The Haunting of Molly Hartley

Quickcard Review The Haunting of Molly Hartley

Directed by: Mickey Liddell Cast: Haley Bennett, Jake Weber, Chace Crawford Time: 1 hr 30 mins Rating: PG-13

Plot: Seventeen-year old Molly (Bennett) slowly learns of the horrors that will happen to her on the day she turns eighteen.

Who's It For?: In the world of Molly Hartley, parents are trying to kill their children, religion is a super-lame idea forced upon by pesky, ugly fanatics, and more importantly - no one understands you. This movie is basically gasoline to the fiery angst burning within WASP-y teenagers who just got their braces. And while Nick and Norah was their Say Anything, this is their Exorcist.
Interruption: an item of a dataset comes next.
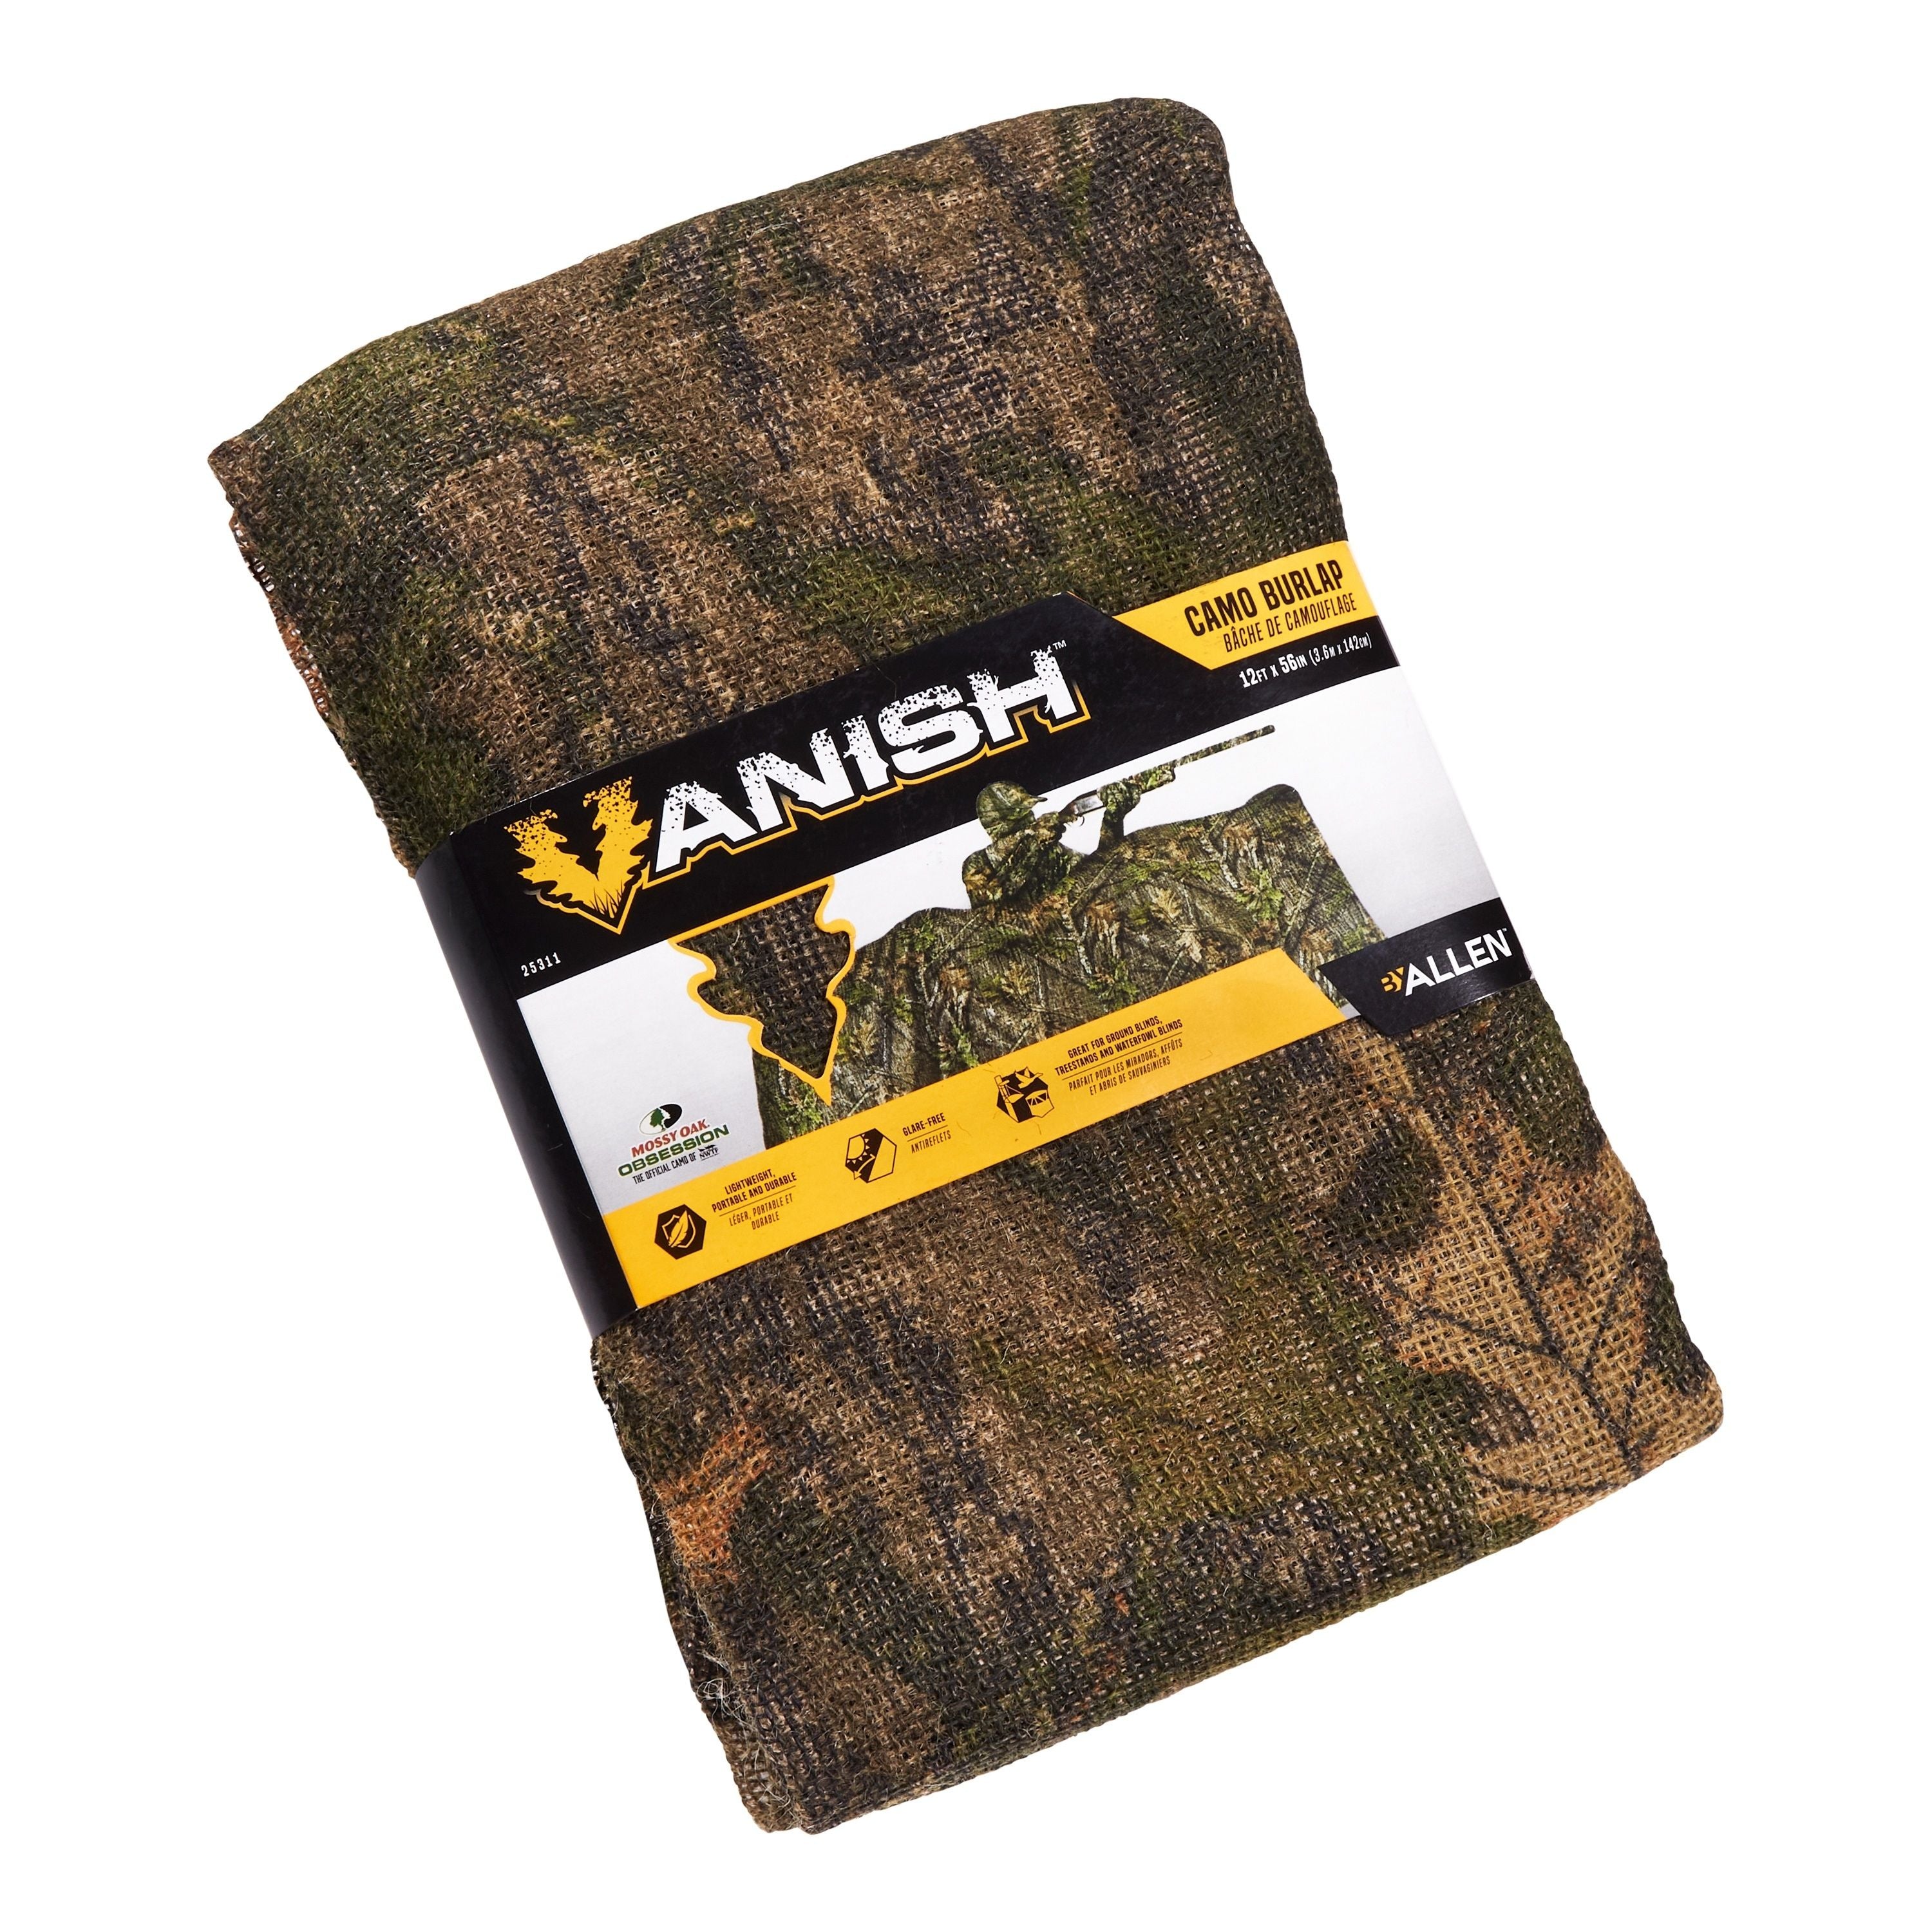 Toile en jute Vanish camouflage Mossy Oak obsession - 12’ X 54”||Vanish camo burlap, Mossy Oak obsession - 12’ X 54”

Expectations: When I heard someone talking about this movie, they said it was like 2006's The Covenant. I became truly frightened - one time I had a nightmare I was forced to see that movie twice.

OVERALL

Molly Hartley is a story abusive of whatever little thrill it can provide. At one point in the movie, the script meanders for about thirty minutes without revealing anything involving Molly's secret, only offering cheap scares that become increasingly predictable. Filled to the brim with dumb jump scenes the film has moments that bottle up the audience with false alarms and then BAM!
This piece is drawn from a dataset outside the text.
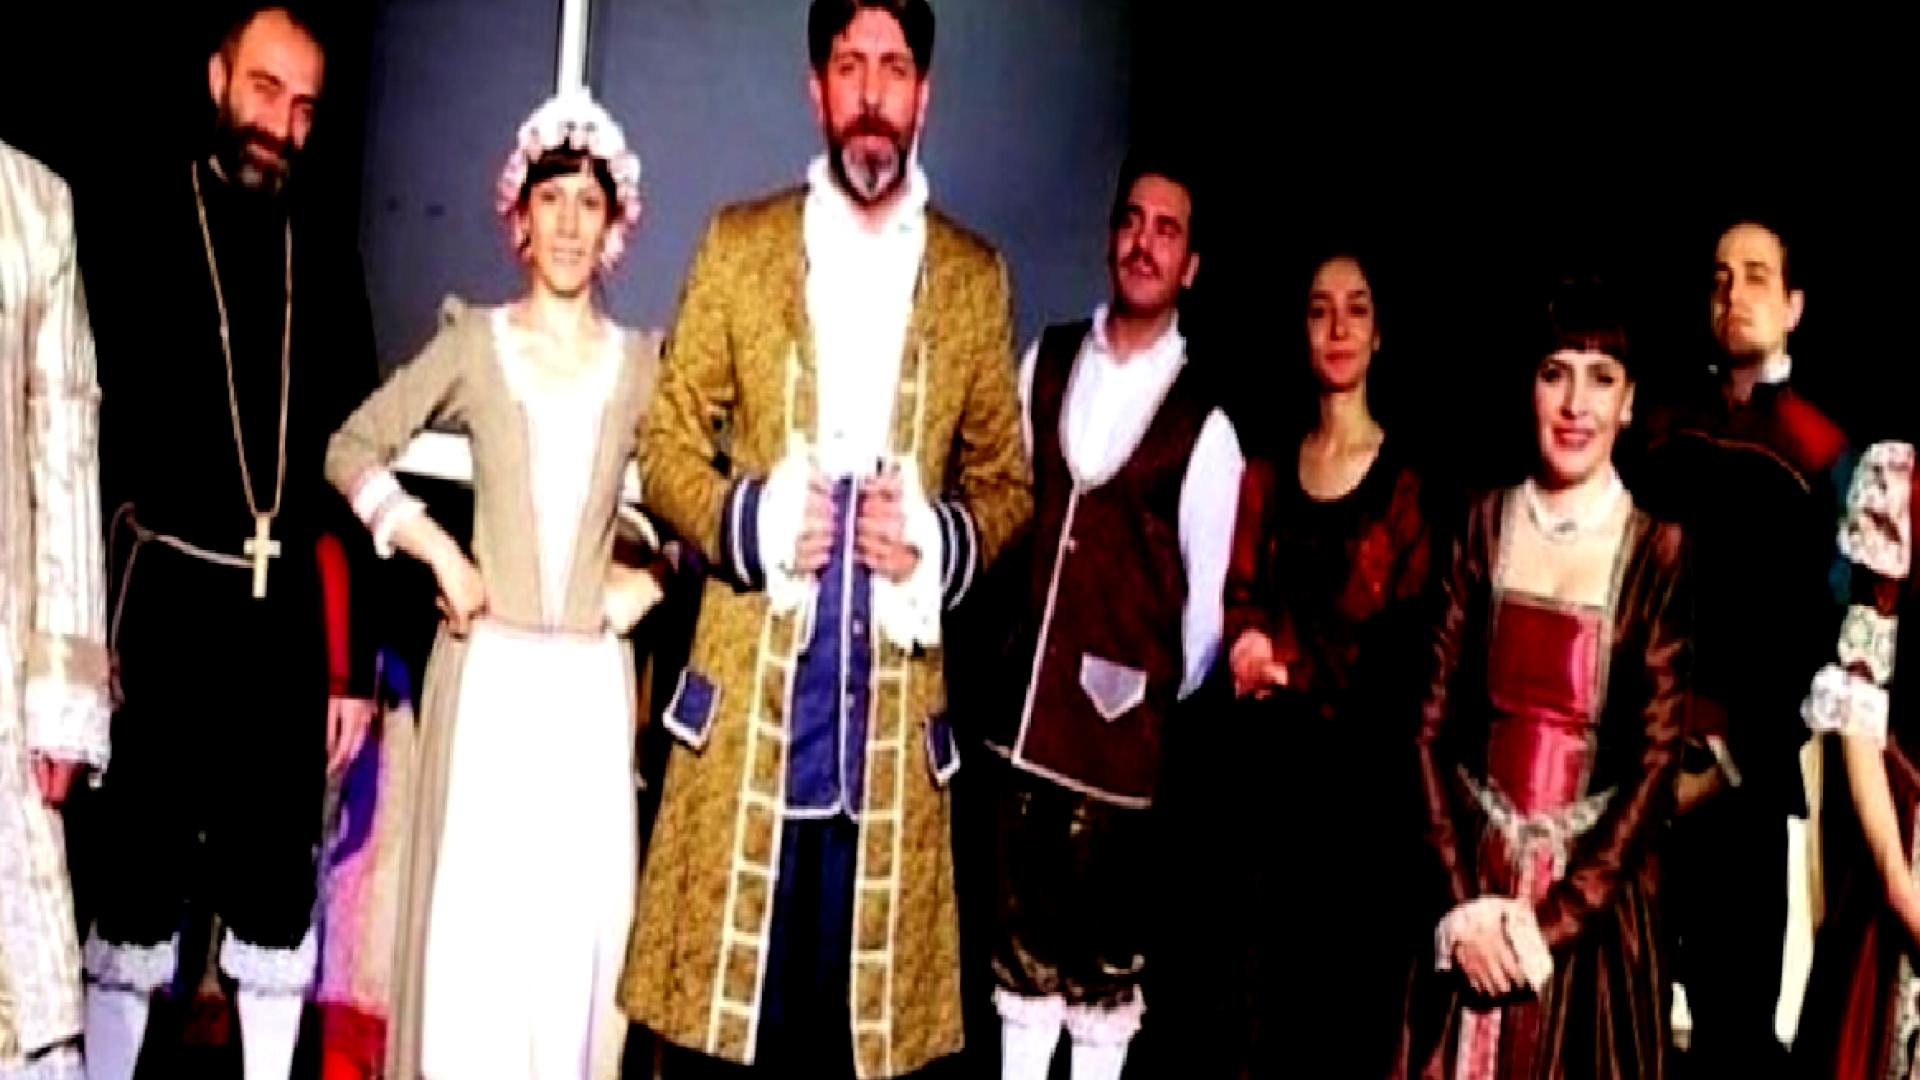 Թուրքիայի քրդաբնակ նահանգում արգելվել է քրդերեն թատերական ներկայացումը

Modern horror has become cheap, (though the tickets aren’t), reduced to scares that only deliver on the grotesqueness of whatever is the basis for the "jump." Similar to its acting and plot, the "fear" in Molly Hartley is juvenile.

But there’s something strangely fascinating about Molly Hartley. While the film's credibility has it sharing some space in the waste bin with The Covenant or even When A Stranger Calls, its got a few surprises that might leave movie dumpster junkies scratching their heads. Certain characters and ultimately the film’s resolution poke at a strange underlying message that “evil” is good, which is both unusual to hunky-dory Hollywood mechanics and impressionable on its naïve audience. As ludicrous and unnecessary as it may be, it’s an admirable stab at the unusual by screenwriters well aware of the meaninglessness of their work. It's like when Disney animators used to get a kick out of placing phalluses in the backgrounds of certain scenes in their films.

The Haunting of Molly Hartley is as insignificant as a deformed piece of candy corn. And even though there is a slight difference in shape or size, it can't stop from looking like everything else in the bag.